Again, the wind didn’t fill in as forecast, so we were motor sailing north. We noticed that the seas were picking up and picking up and we remembered that a lot of our new sailing friends had said to us “watch out for the tides after Great Keppel and up to the Dukes” – oh… Apparently we had discovered the infamous tidal area off the coast of Shoalwater Bay, and we (of course) had picked the perfect moment for wind against tide. So for 3 hours we battled through some really bumpy and rolly conditions, all the while realising that the tide was pushing us away from our destination and out to sea.

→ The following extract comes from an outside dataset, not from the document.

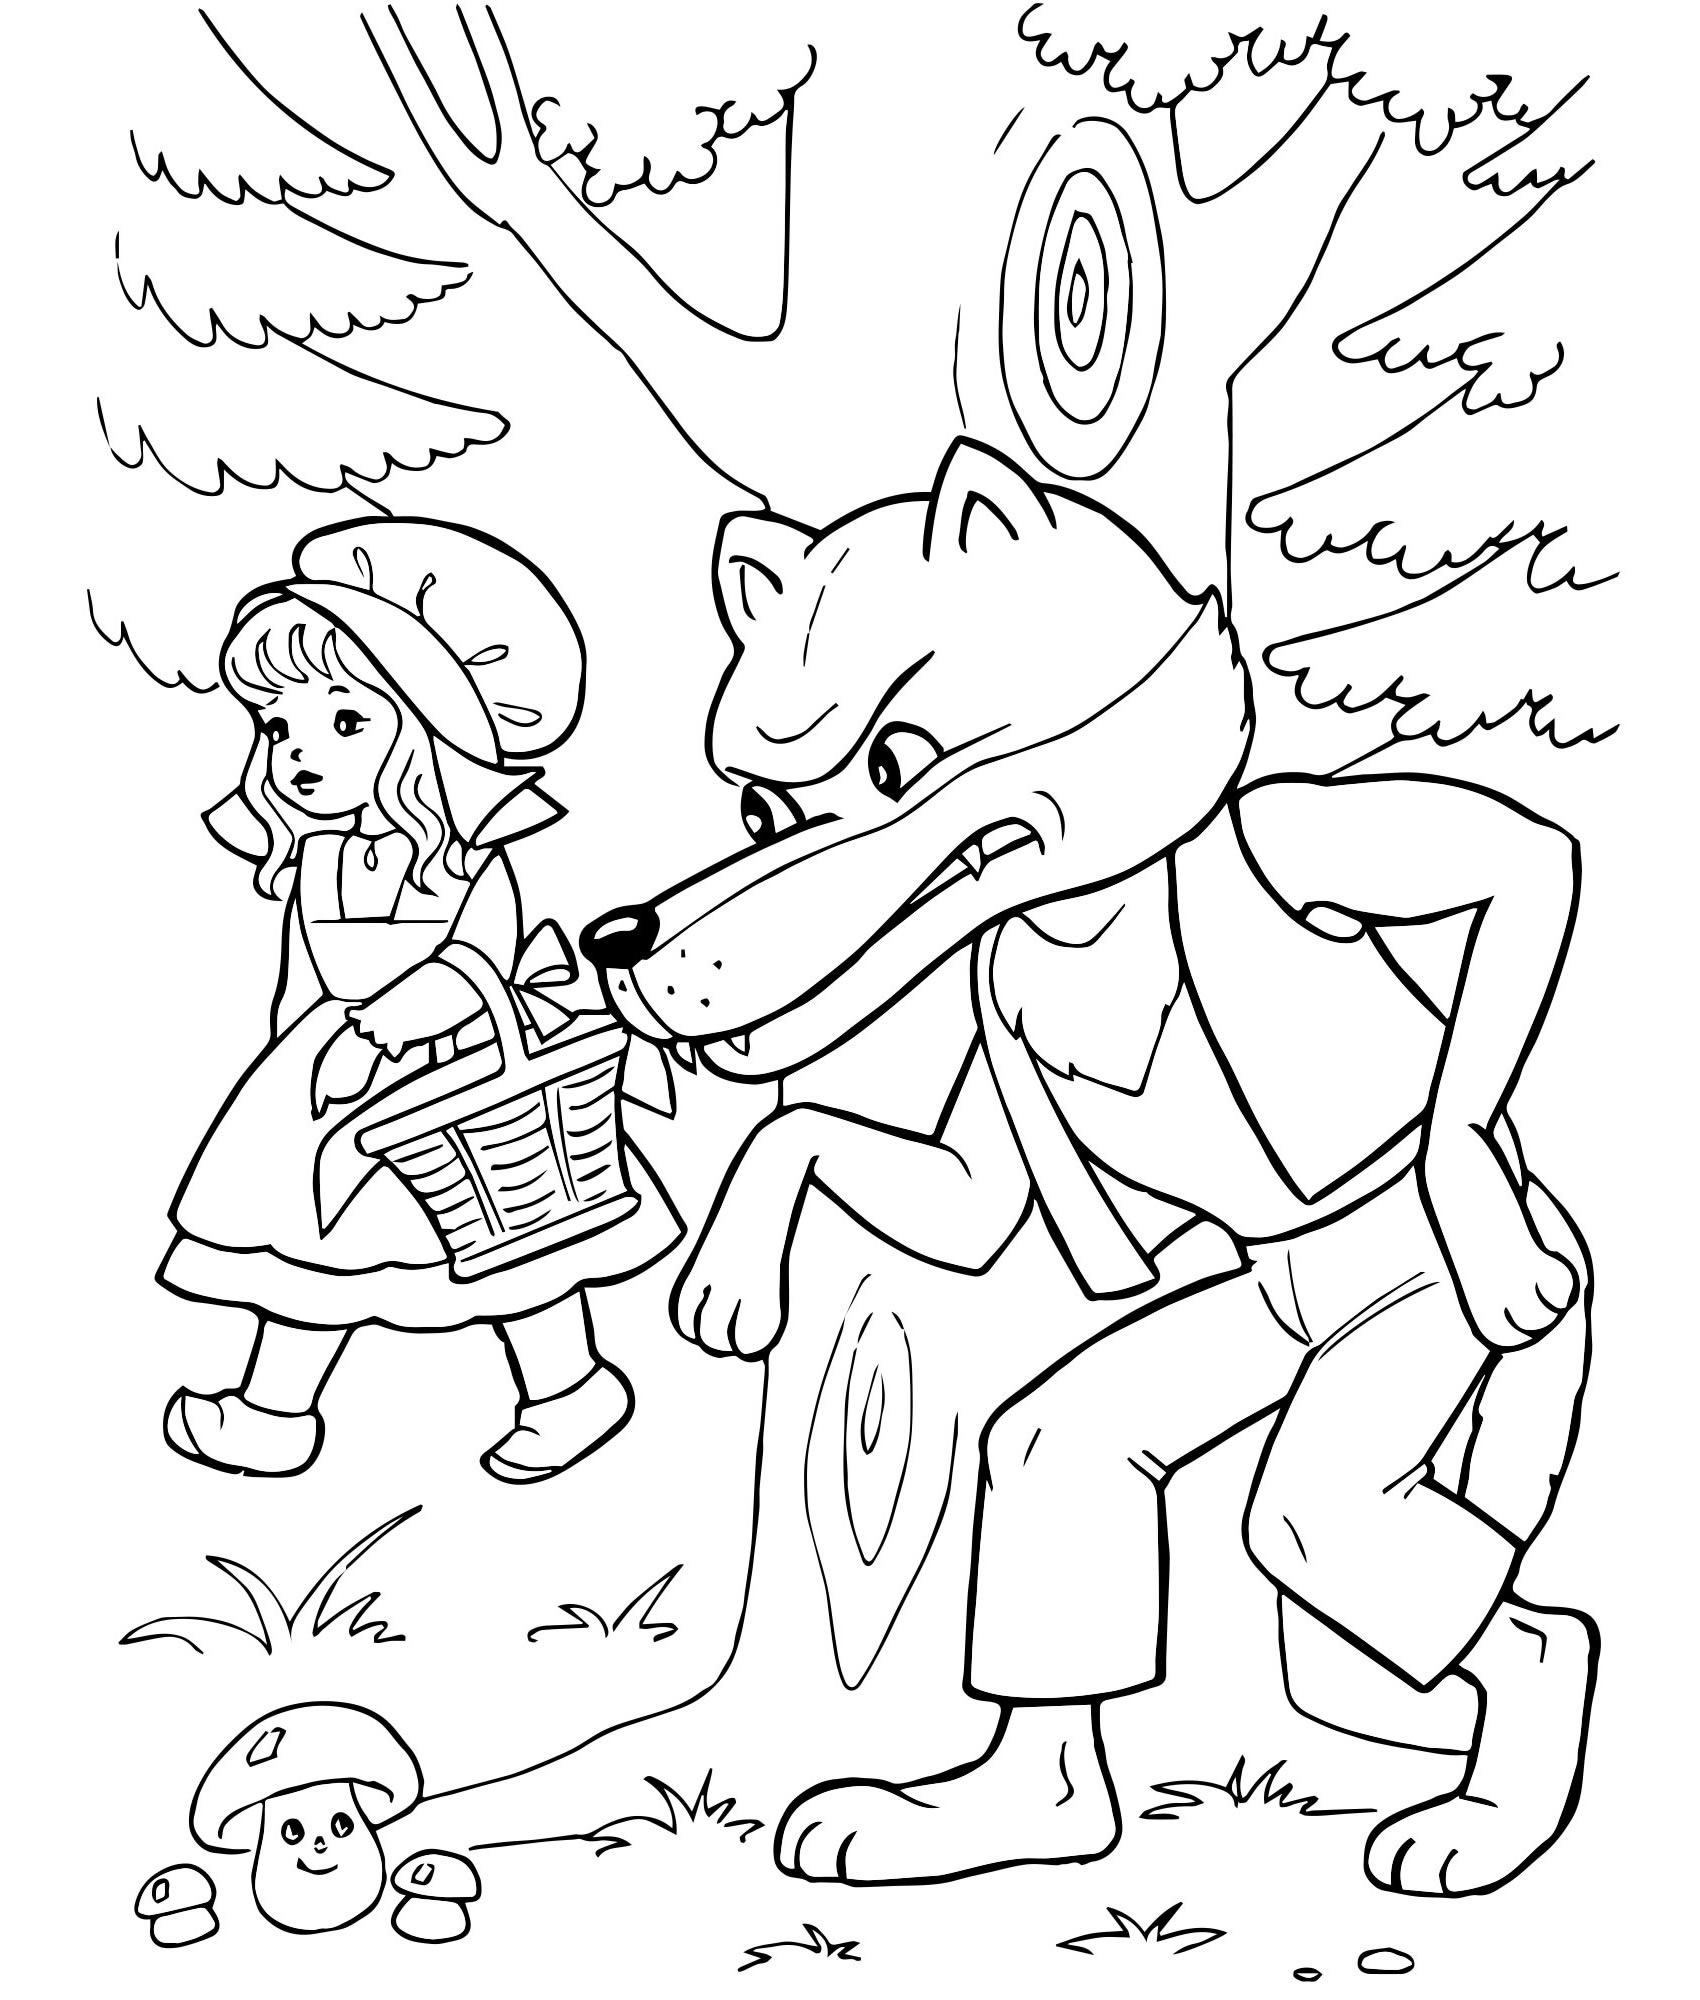 Fancy gray wolf and Little Red Riding Hood coloring book

We’ve learned throughout this journey not to be too hung up on plans. They can change very quickly and in this instance, I grabbed the cruising guides and looked for an alternative place for us to spend the night given we were not going to make it to the Dukes before bed time. Hexam Island! It was further out to sea than the Dukes, which was ideal as that is the way the tide was pushing us, and we would actually get there 2 hours sooner which would mean we could anchor while it was still light. Perfect. So a few hours later the seas calmed a little more, and we rounded Hexam Island to anchor on the north side, sheltered from the south east wind. Little bit rolly, but a gorgeous anchorage and we got some sleep.

But exploring the island wasn’t in our future, as we still wanted to go north – the blow was still coming! The next morning, it was coffees and what was turning into my morning exercise routine – pulling up the anchor (you may or may not be aware that we don’t have an anchor winch, its my job to pull up the 30m of chain and the oversized anchor), and we were off for a reasonably uneventful passage up to the “Percy Islands”. Oh no wait, I lie, I caught a FISH!! IT WAS A BIG ONE! YAY!

After 3 big days of sailing, we dropped anchor at Middle Percy Island, I processed the fish (it is an Albacore), we enjoyed some fresh sushi and sashimi and had an early night, keen to explore the next day.

A paradise to rival that of Great Keppel, Middle Percy Island is home to a national park and a conservation area, taken care of by a couple who are appointed to live there and look after everything. There is a large A frame structure where visiting boats traditionally hang up their boat names as signs, and where you can cook and eat and use the large fire to BBQ. Here you can see some of those boats who have gone before us. Its such a great social place to meet people and share stories.

We spent the morning on the beach. I got a swim, Bernie did his usual trick of finding the only bit of food on the whole beach and eating sand, and Adrian chatted to the other yachties who were chillin in the A frame about their plans and the weather (mindful that the blow was coming in the next few days). We husked some coconuts, and went exploring in the creek behind the beach. We threw the fishing line is as there was a tonne of garfish around (none near my line…) and also tried our luck at getting some crabs (no luck). It was all so idyllic.

That evening, we headed back to the A frame to meet all the other boats in the anchorage. Its so great to put peoples faces and names to the boats we are often seeing around. I’m glad we took the opportunity to meet some more people that evening, as we had agreed to leave the next day and so wouldn’t have had another opportunity (plus we put up our sign). The blow was still coming, and we needed to get to a more protected place. So after a gorgeous day, and then a lovely evening chatting with people, we headed back home, packed up the boat, fell into bed and set our alarms for 04:00. We had a BIG trip to do the next day up to the start of the Whitsundays, aiming for Scawfell Island which has a good protected anchorage. More on that trip to come!